**Entries provided:**
..............................
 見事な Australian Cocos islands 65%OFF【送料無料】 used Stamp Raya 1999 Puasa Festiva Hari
..............................
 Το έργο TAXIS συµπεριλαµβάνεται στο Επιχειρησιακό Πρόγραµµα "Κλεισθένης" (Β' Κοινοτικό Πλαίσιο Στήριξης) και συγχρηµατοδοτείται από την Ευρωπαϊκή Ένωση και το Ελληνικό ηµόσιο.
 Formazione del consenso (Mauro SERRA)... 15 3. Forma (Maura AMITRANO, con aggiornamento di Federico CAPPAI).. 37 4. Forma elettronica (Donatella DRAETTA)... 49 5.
..............................
**Problem requirements:**
Would you please copy exactly the part of the entries above that begins at the line containing "Το έργο TAXIS" and ends at the line containing "Formazione del consenso", both lines included?

**Task answer:**
 Το έργο TAXIS συµπεριλαµβάνεται στο Επιχειρησιακό Πρόγραµµα "Κλεισθένης" (Β' Κοινοτικό Πλαίσιο Στήριξης) και συγχρηµατοδοτείται από την Ευρωπαϊκή Ένωση και το Ελληνικό ηµόσιο.
 Formazione del consenso (Mauro SERRA)... 15 3. Forma (Maura AMITRANO, con aggiornamento di Federico CAPPAI).. 37 4. Forma elettronica (Donatella DRAETTA)... 49 5.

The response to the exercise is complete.